Osama and Katrina - New York Times: "These are people so much better at inflicting pain than feeling it, so much better at taking things apart than putting them together, so much better at defending 'intelligent design' as a theology than practicing it as a policy."

spot on - leaves me speechless...

Whatever: Being Poor

Whatever: Being Poor

maybe barbara and the george's can give this a read and get a clue...

via laura

catsup, ketchup, catch-up

were to start? every time i try to write about katrina and the horror that it is i am prevented by so many deep emotions, sadness, fear and anger. so much has already been said, way better than i can say it. see here. so i will pass and keep praying, feeling inadequate and so very moved.

we're still unpacking and trying to get settled in. we got some good news last night that made us both take a deep breath. it's not a sure thing yet, but some of the influential people at the church who were as blind-sided with this as we were are holding the leadership's toes to the line and telling them that liam's severance shouldn't begin until he was finished with work, so we may be receiving another month and 1/2 of grace, which would take us to february and give us a much better amount of time to figure out what we're doing here.

we're getting some really good direction on that front too. some of the 'big hoops' are looking a bit clearer. liam has lived with 'his words' he chose for the path and is comfortable/happy with them, so those will be coming today to those who agreed to help us blend them into a meaningful sentence.

last sunday i felt such a need, like a thumb in my back, to check out 'the meeting house' in oakville while we were up north. so glad we did as we got to see path participant and friend lynne (mike todd's sister) - it was wonderful to see a friendly face and it was a great church, tre laid back and it reminded us that god truly isn't done with us yet.

so i will try to answer emails between school assignments today and catch up on so much of what went on while we were gone.

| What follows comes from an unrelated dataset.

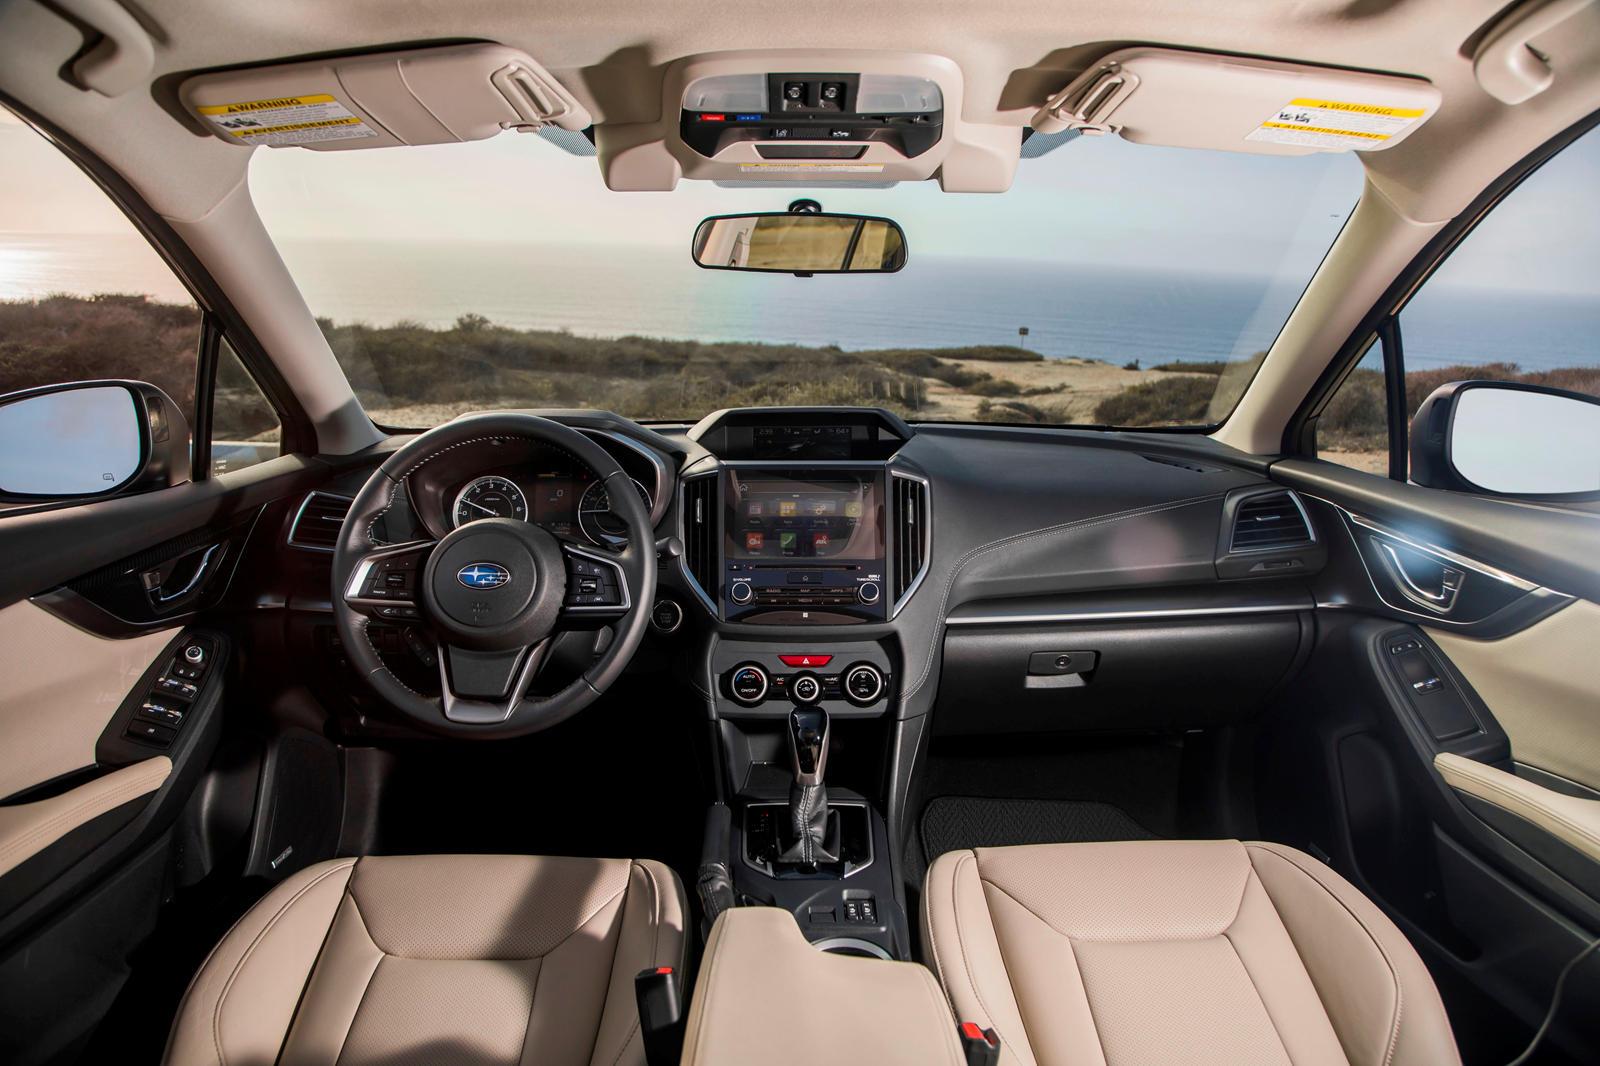 2017-2020 Subaru Impreza Sedan Dashboard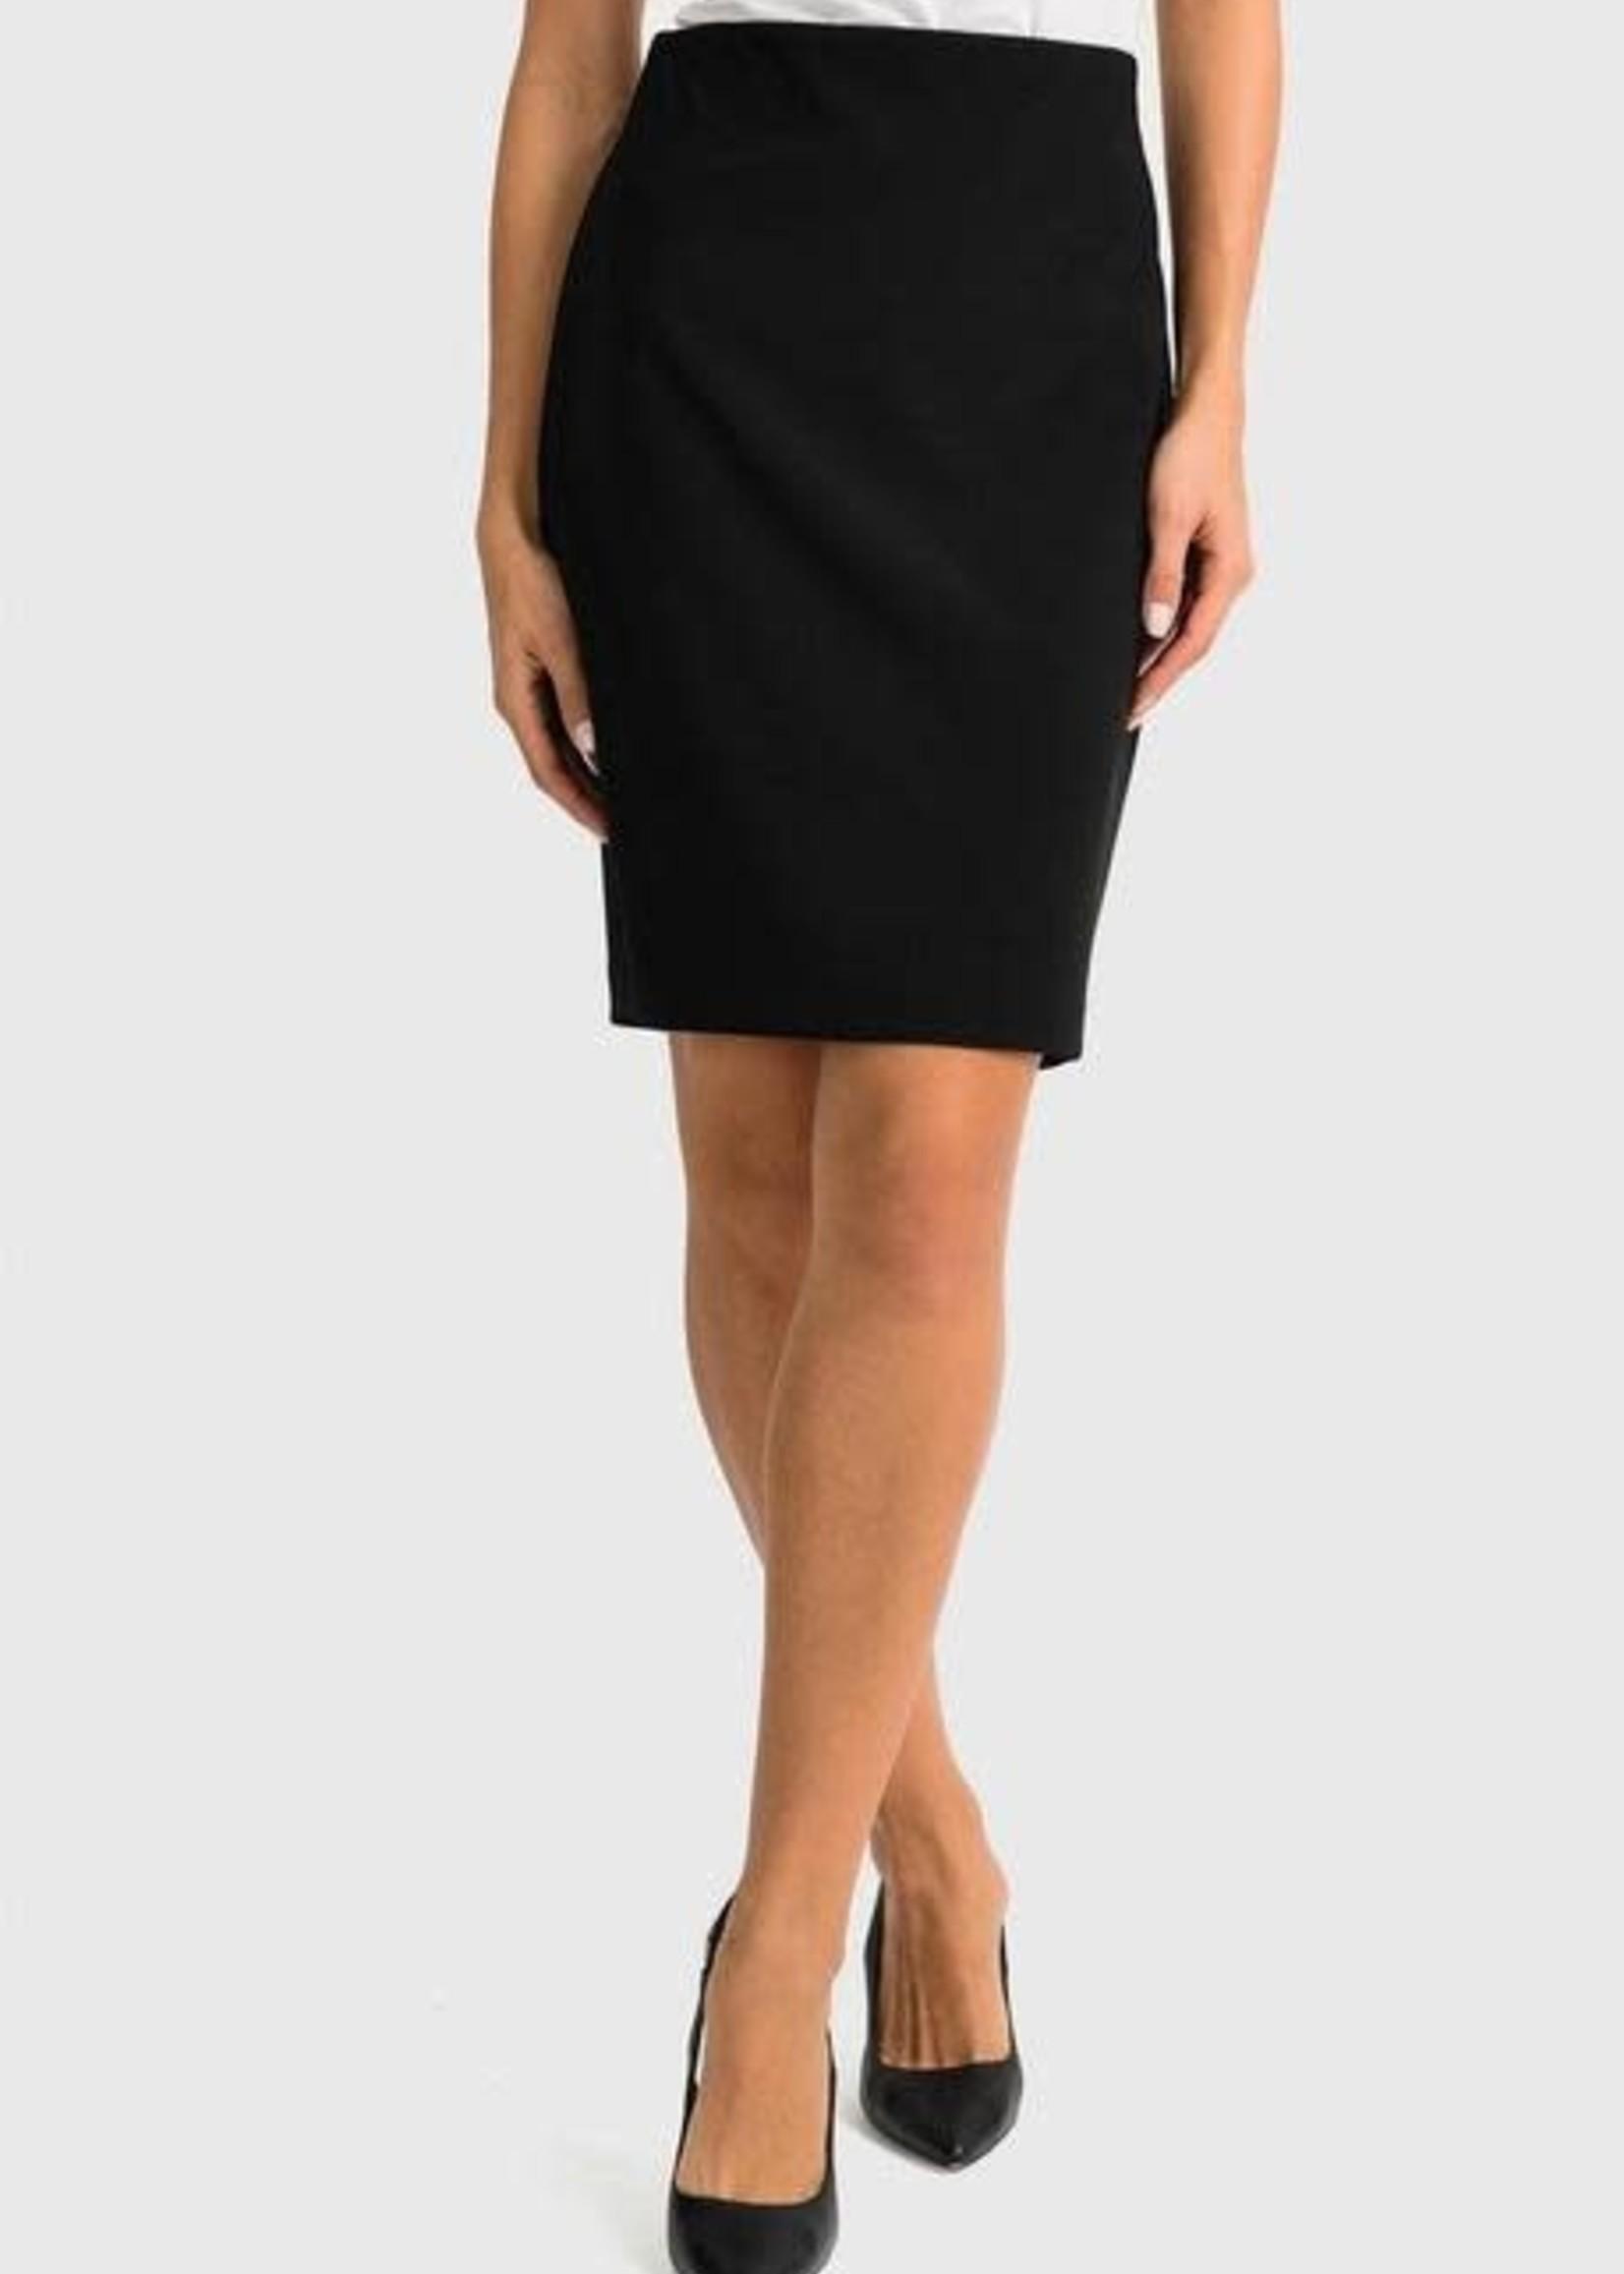 Joseph Ribkoff Joseph Ribkoff Knee Length Skirt

i made a commitment to blog on finances and getting out of debt to a new friend, and i really want to fulfill that commitment, so look for some posts on $$ coming soon.

love you all.

maggi dawn: I have not yet done that for which I was made

maggi dawn:

I have not yet done that for which I was made
:

"O Lord my God
teach my heart
where and how to seek you,
where and how to find you.
O Lord you are my God
and you are my Lord
and I have never seen you.
You have made me and remade me,
and you have bestowed on me all the good things I possess
and still I do not know you.

I have not yet done that for which I was made.

Teach me to seek you
for I cannot seek you unless you teach me
or find you unless you show yourself to me.
Let me seek you in my desire,
let me desire you in my seeking.
Let me find you by loving you,
let me love you when I find you.

St Anselm"

thanks maggie, we needed that today!

Tuesday, September 06, 2005

Monday, September 05, 2005

home

safe, sound and well rested. it feels great to be back home. school tomorrow - more later.